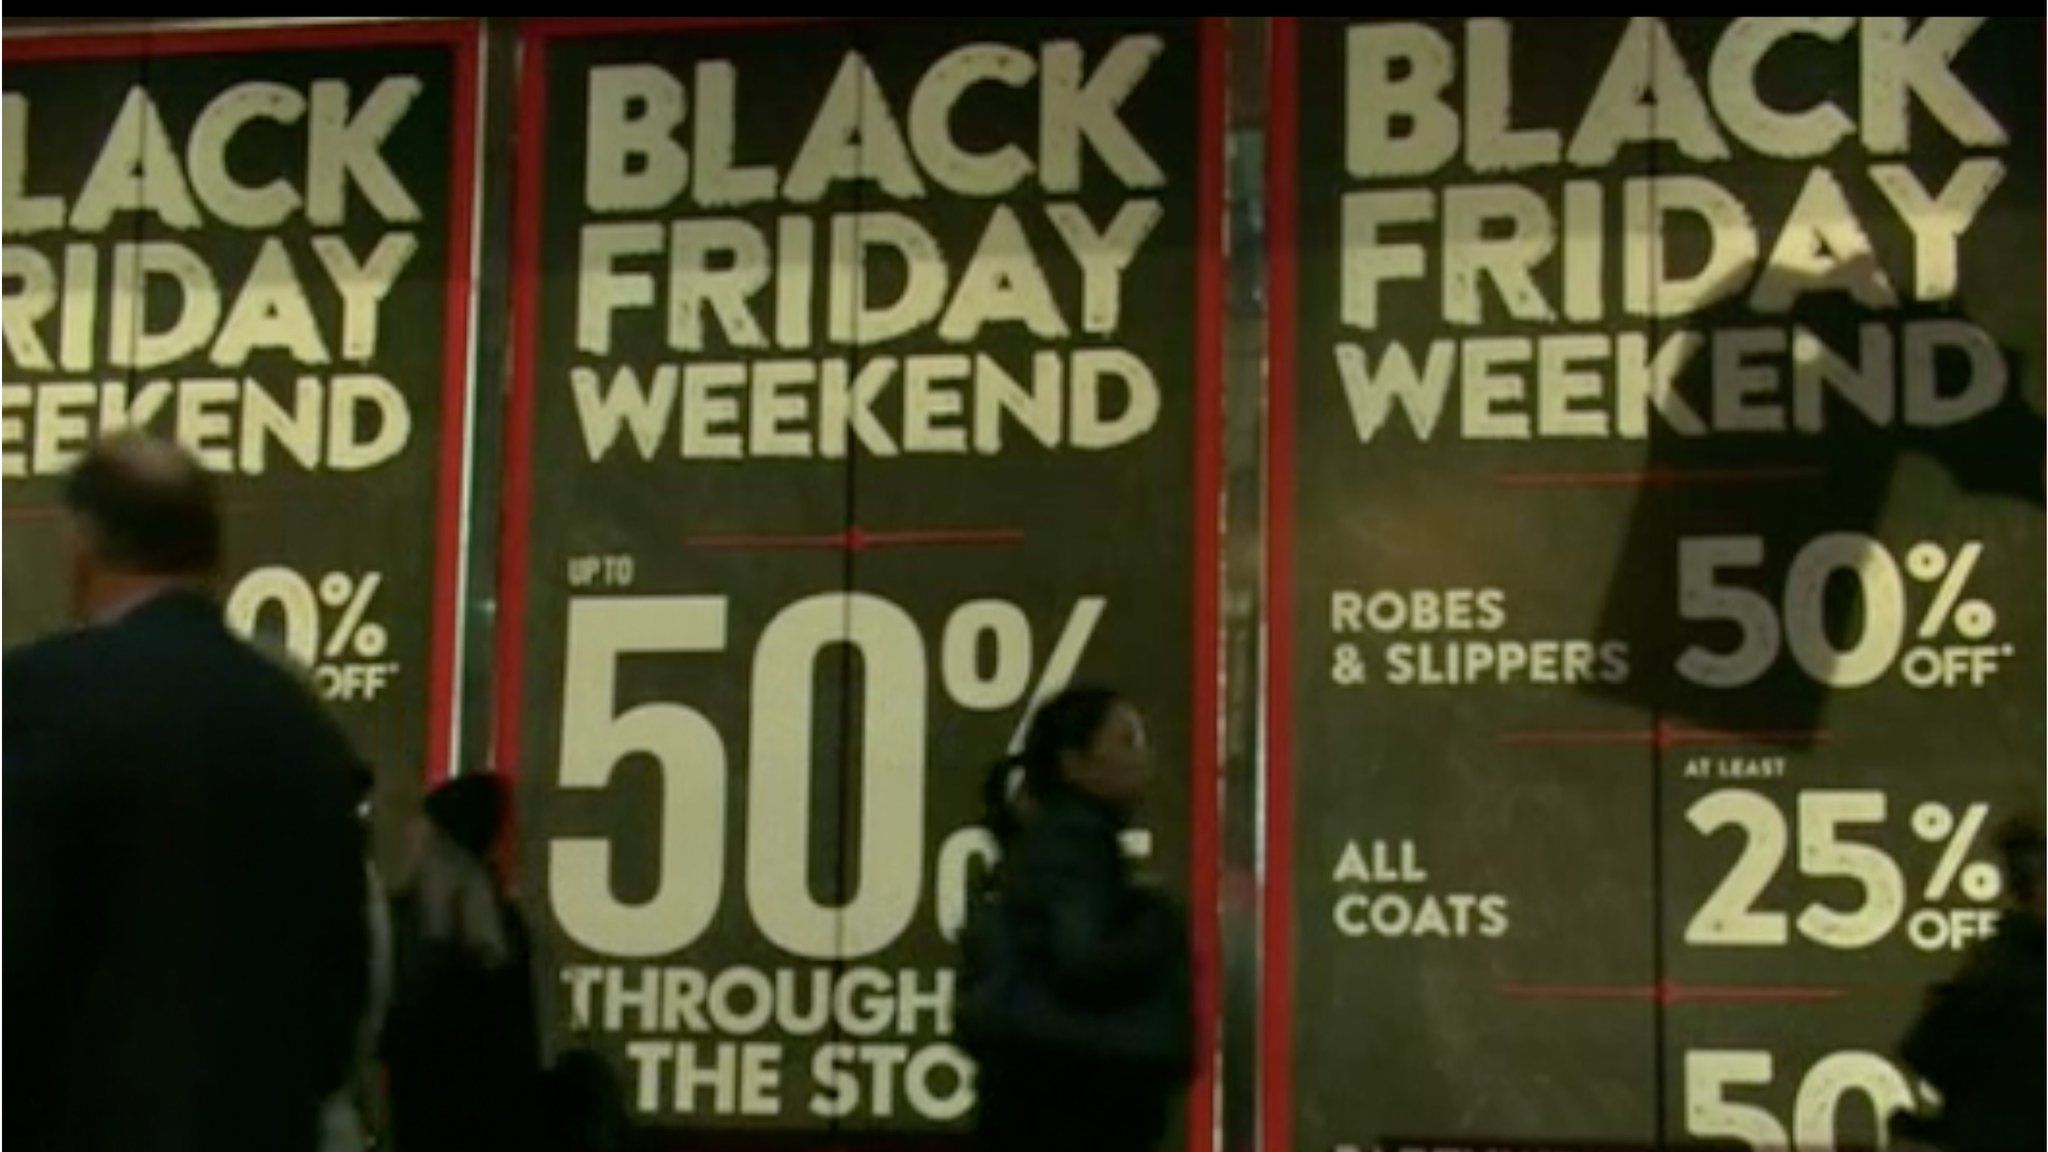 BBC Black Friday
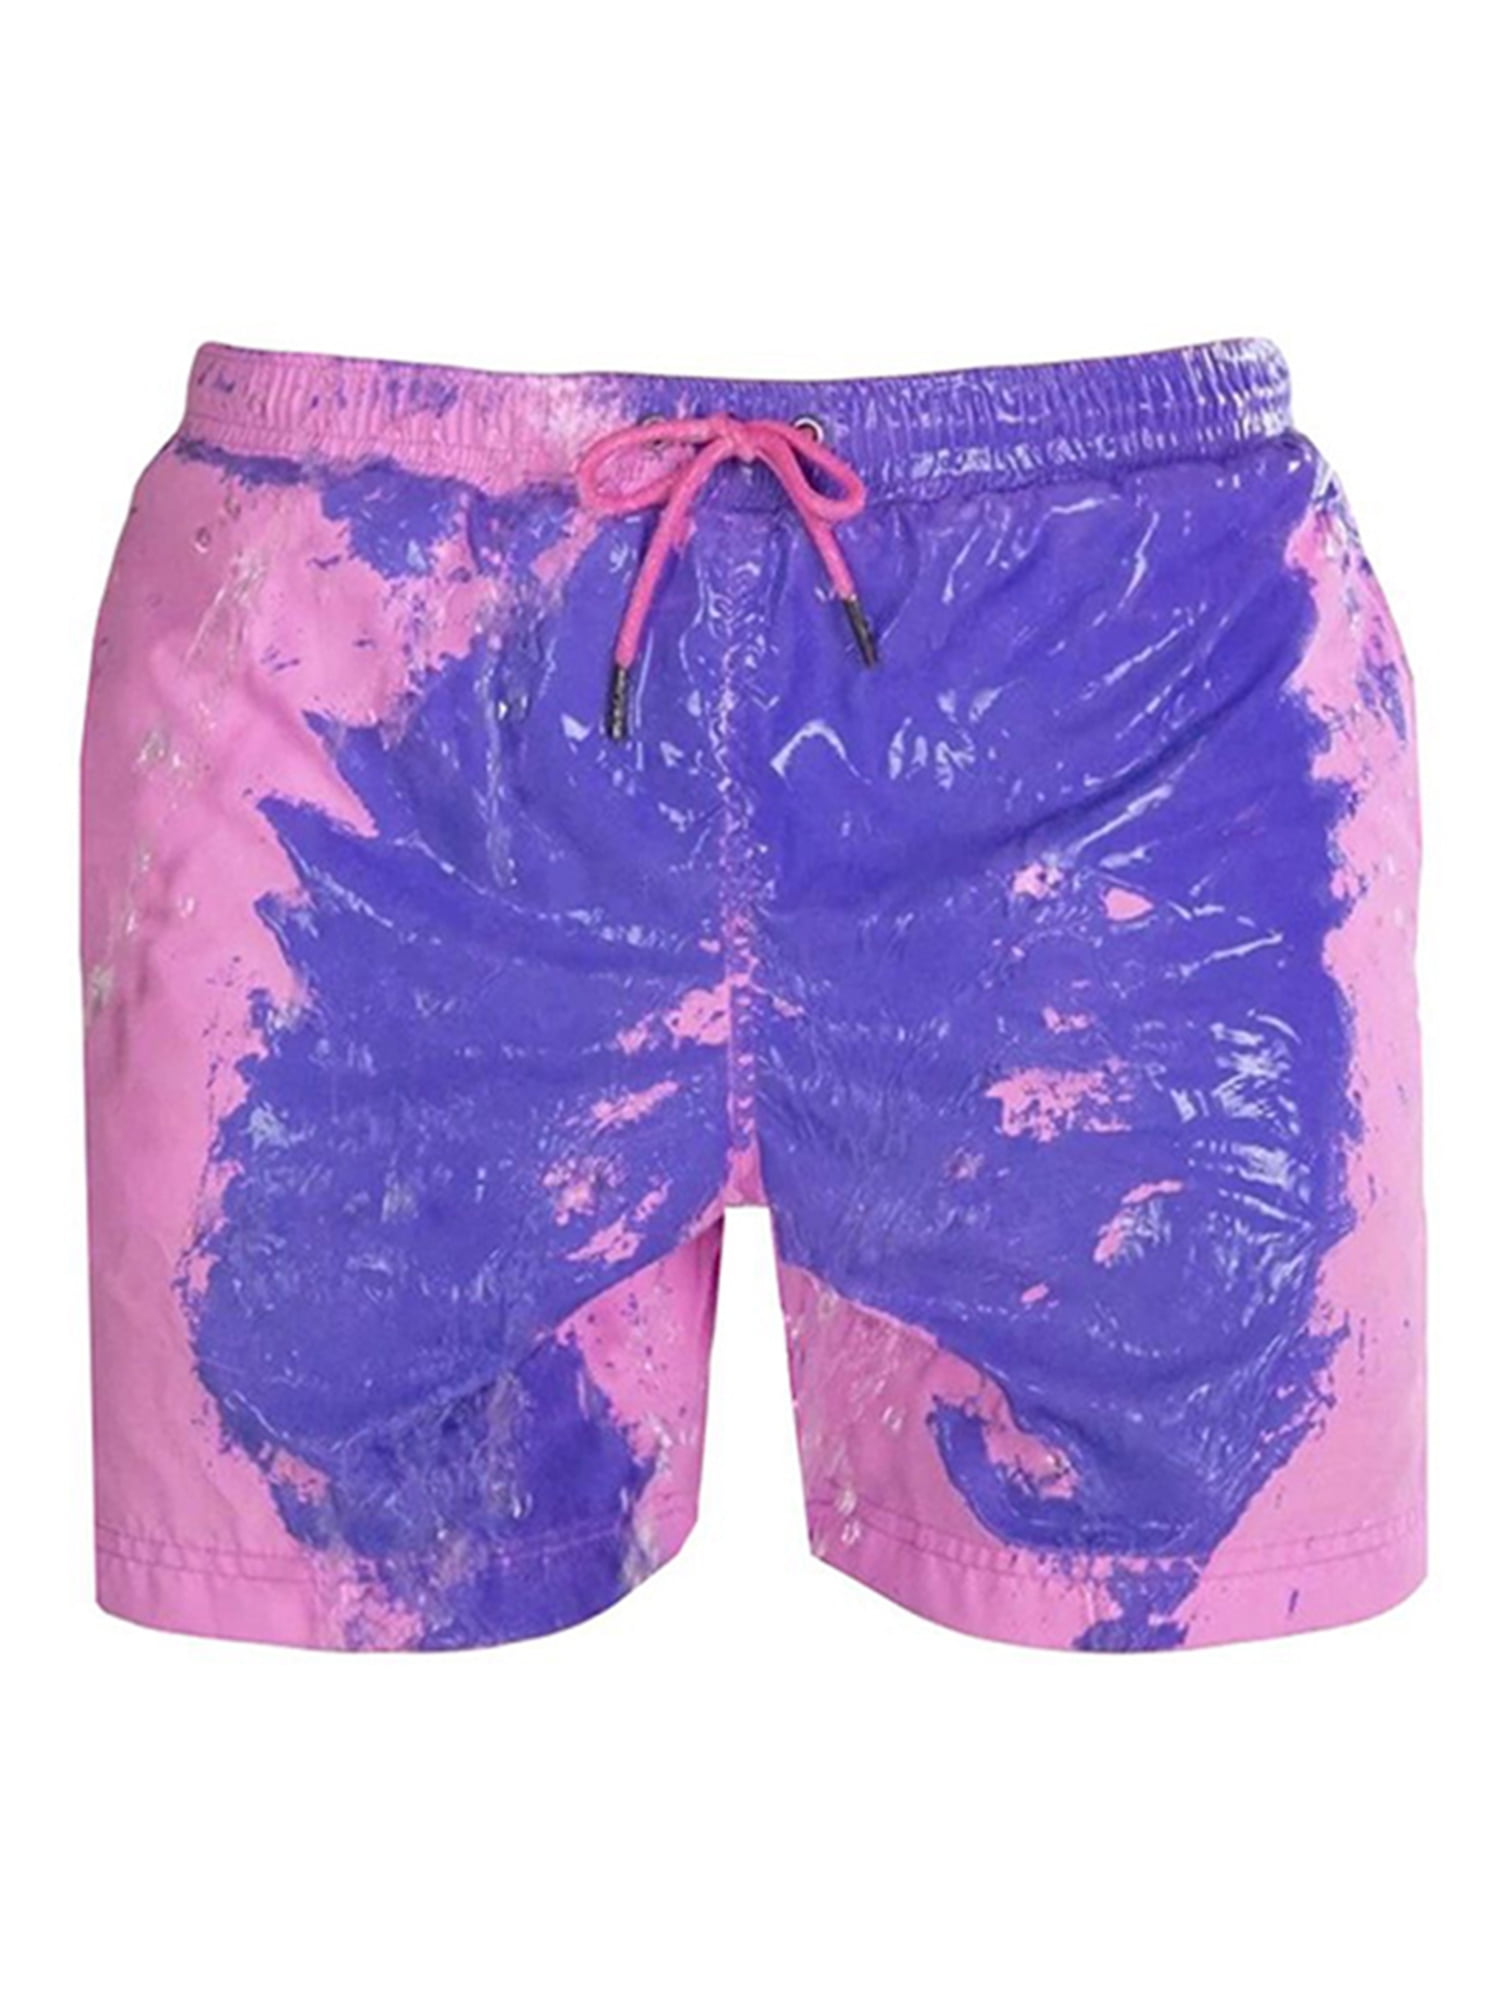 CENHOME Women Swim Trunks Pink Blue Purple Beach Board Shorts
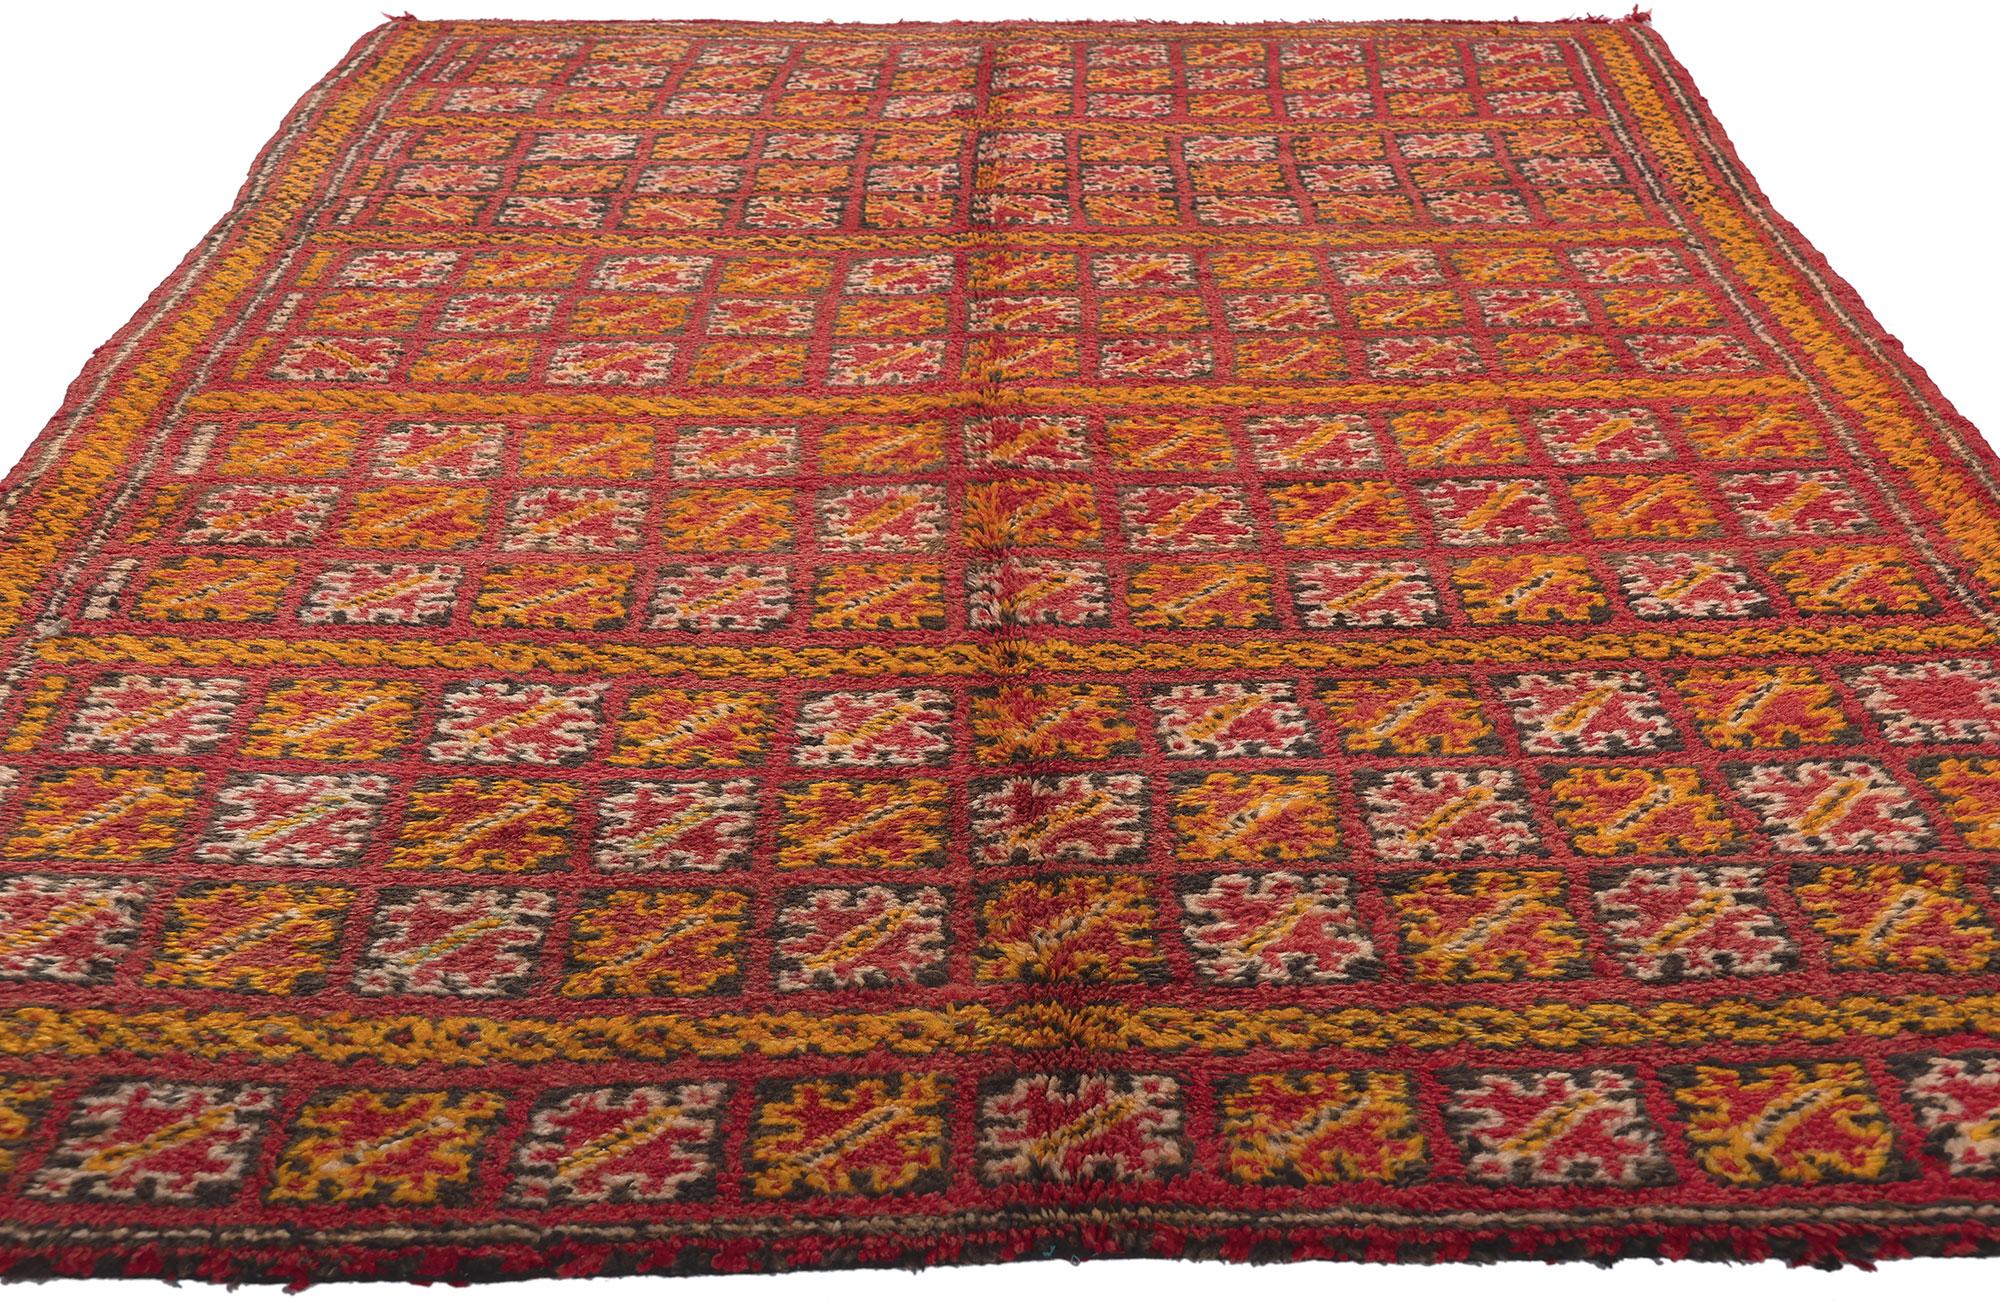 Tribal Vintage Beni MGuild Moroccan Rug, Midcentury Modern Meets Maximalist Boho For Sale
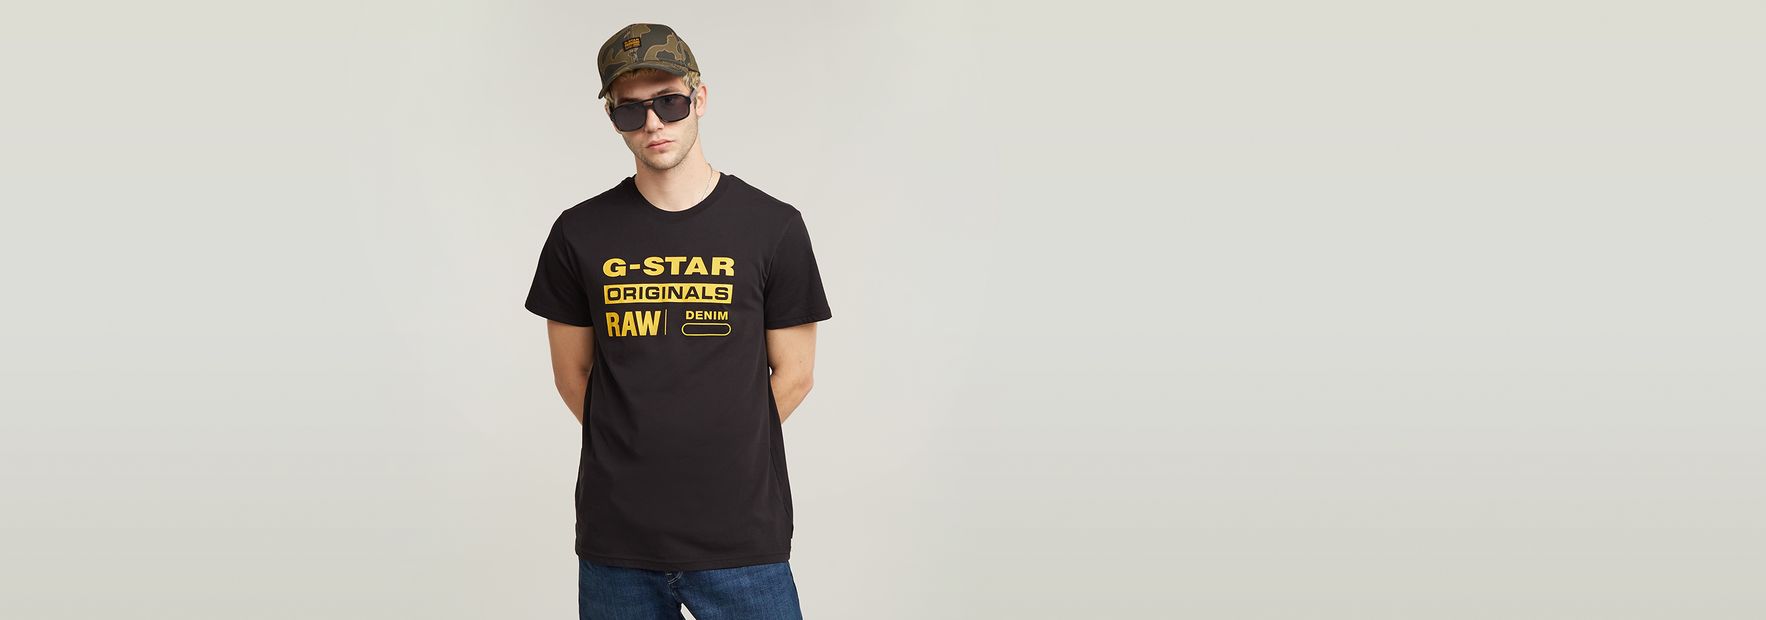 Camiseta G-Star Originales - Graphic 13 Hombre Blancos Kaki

-=-=-=-=-

Work to complete
The answer is the whole listing retyped exactly, with pictures omitted.

Solved problem
 BBC Black Friday
 CENHOME Women Swim Trunks Pink Blue Purple Beach Board Shorts
 Tribal Vintage Beni MGuild Moroccan Rug, Midcentury Modern Meets Maximalist Boho For Sale
 Camiseta G-Star Originales - Graphic 13 Hombre Blancos Kaki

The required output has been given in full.